[Records drawn from a dataset]
===============
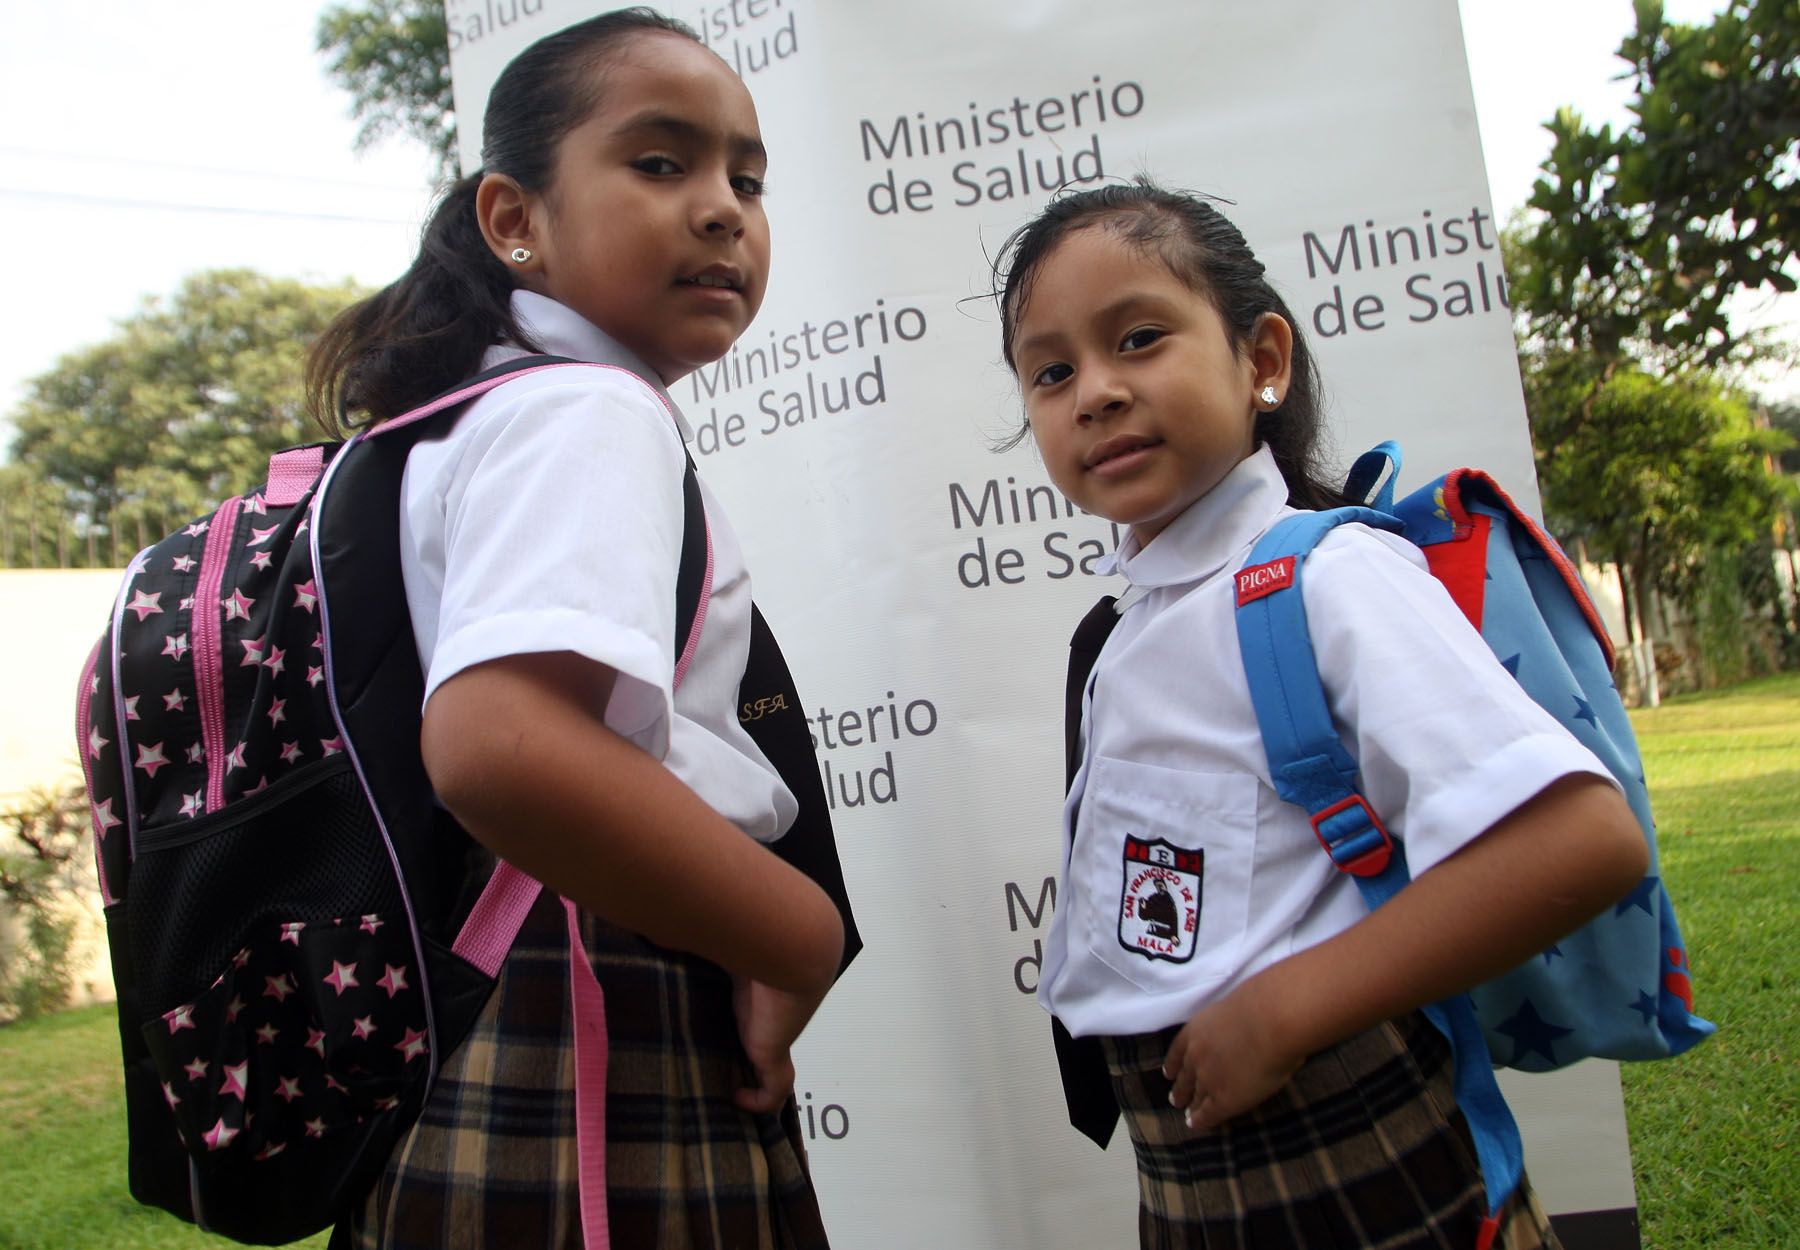 Las mochilas con tirantes son las más adecuadas para los escolares. Foto: ANDINA/archivo
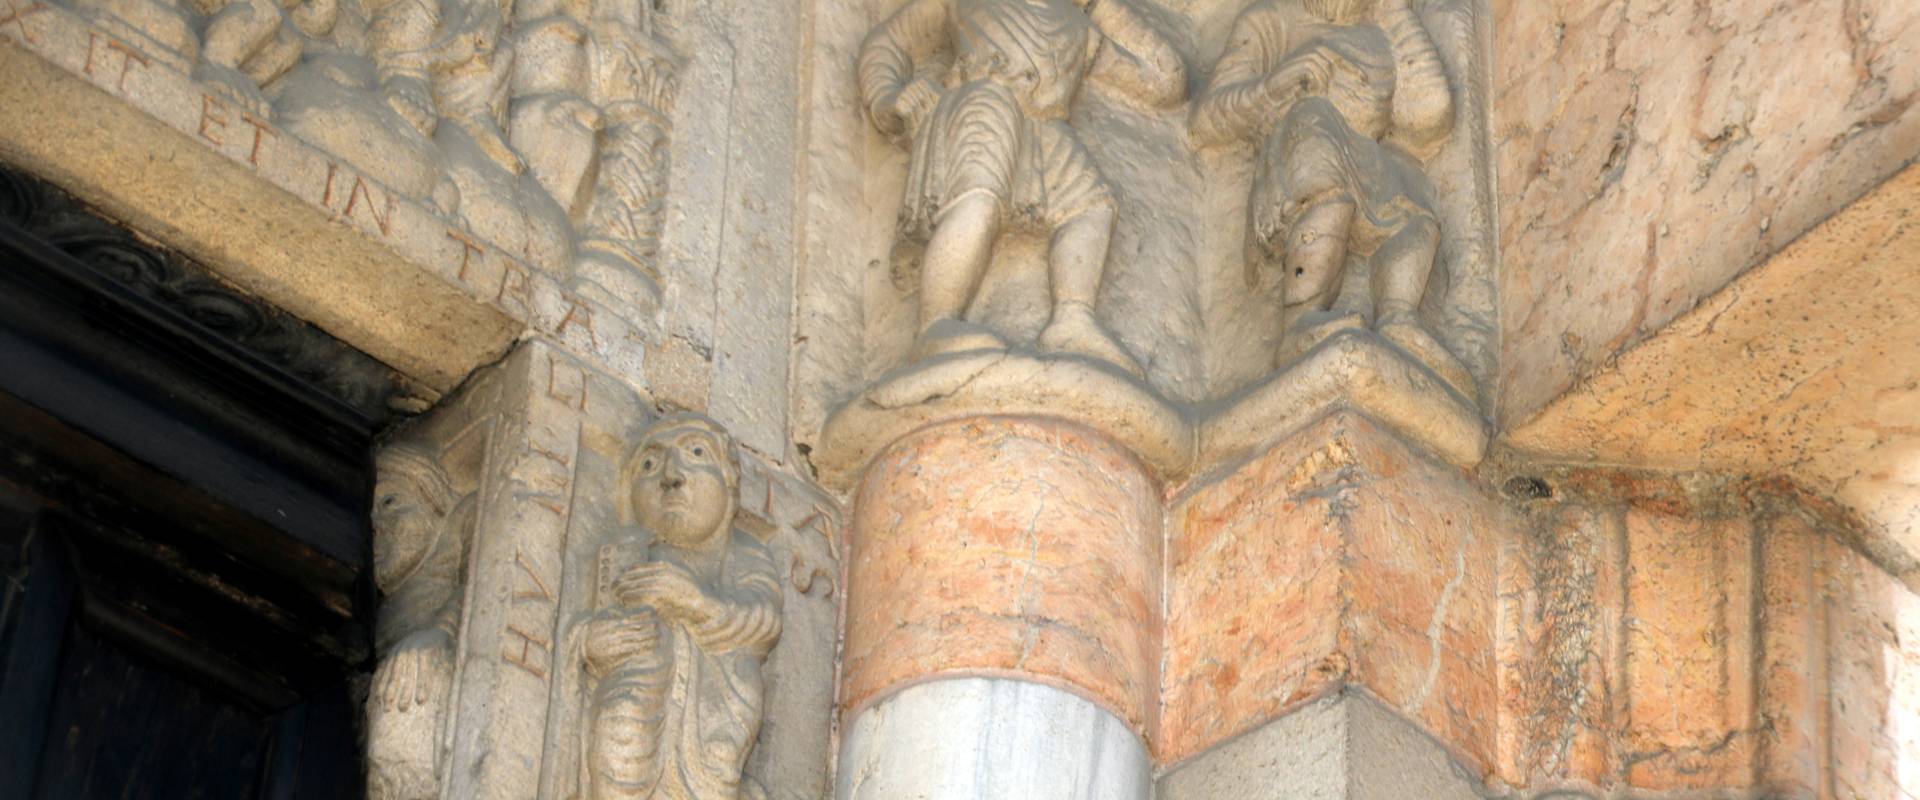 Duomo (Piacenza), portale destro, due personaggi vestiti si allontanano con espressioni colpevoli (Adamo ed Eva?) 03 foto di Mongolo1984
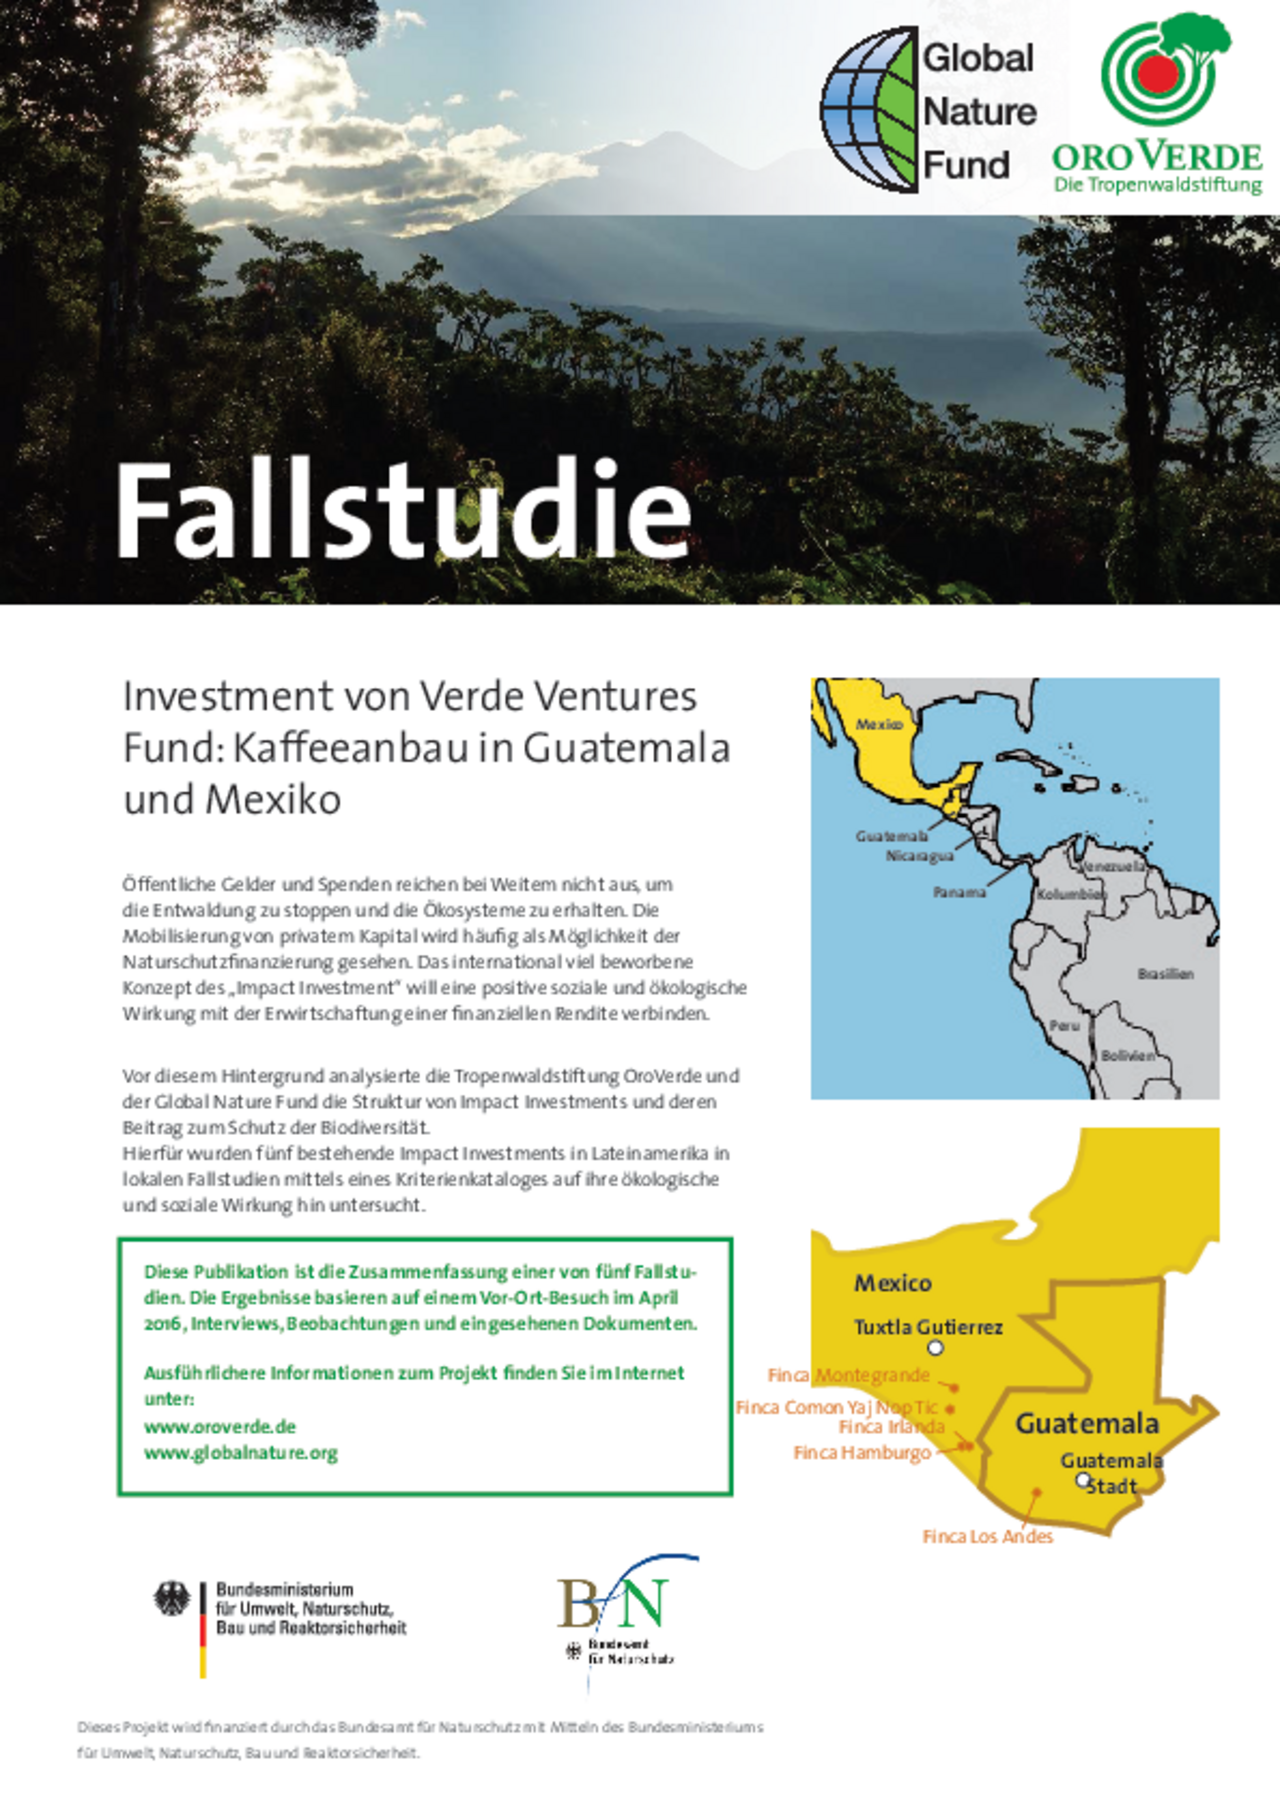 Impact Investment: Fallstudie 3
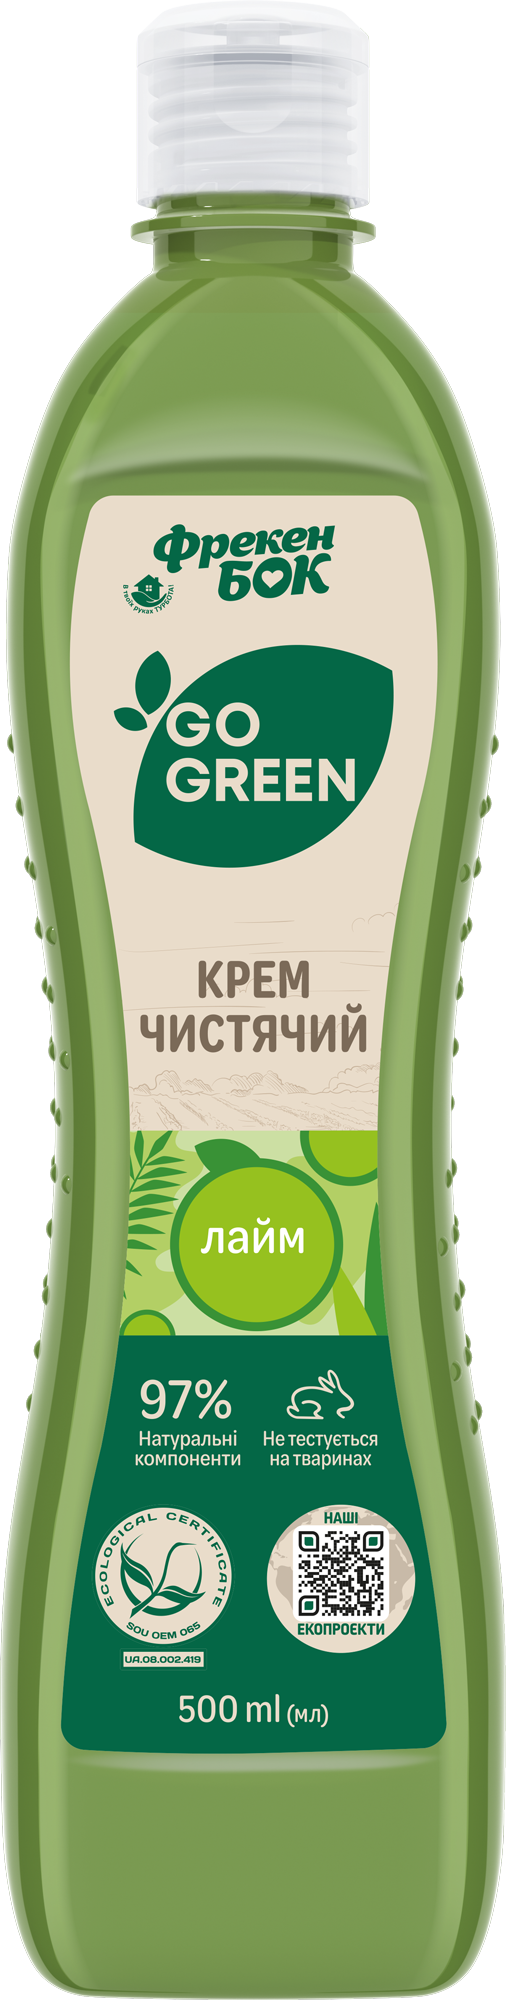 Универсальный чистящий крем Фрекен Бок Go Green Лайм, 500 мл - фото 1
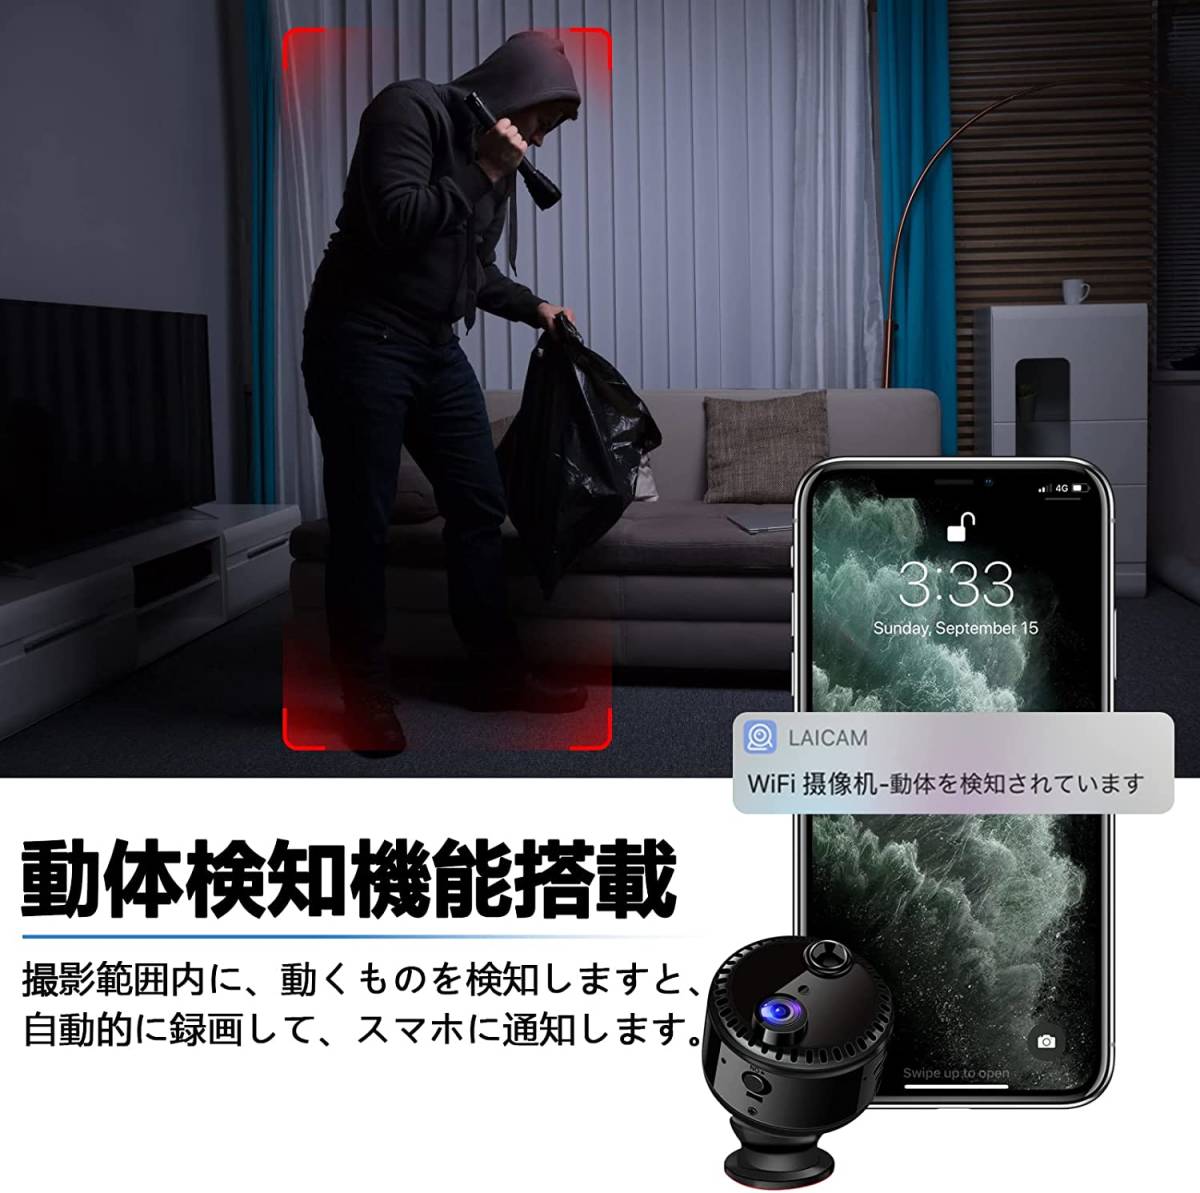 T-113 камера системы безопасности домашнее животное камера уход камера младенец камера высокая четкость качество изображения ночное видение функция инфракрасные лучи фотосъемка длина час видеозапись запись WIFI функция
===============
→ TASK OBJECTIVE: With all pictures omitted, repeat every record above word for word.

→ RESULT FOR THIS TASK:
 Las mochilas con tirantes son las más adecuadas para los escolares. Foto: ANDINA/archivo
 Duomo (Piacenza), portale destro, due personaggi vestiti si allontanano con espressioni colpevoli (Adamo ed Eva?) 03 foto di Mongolo1984
 Impact Investment: Fallstudie 3
 Универсальный чистящий крем Фрекен Бок Go Green Лайм, 500 мл - фото 1
 T-113 камера системы безопасности домашнее животное камера уход камера младенец камера высокая четкость качество изображения ночное видение функция инфракрасные лучи фотосъемка длина час видеозапись запись WIFI функция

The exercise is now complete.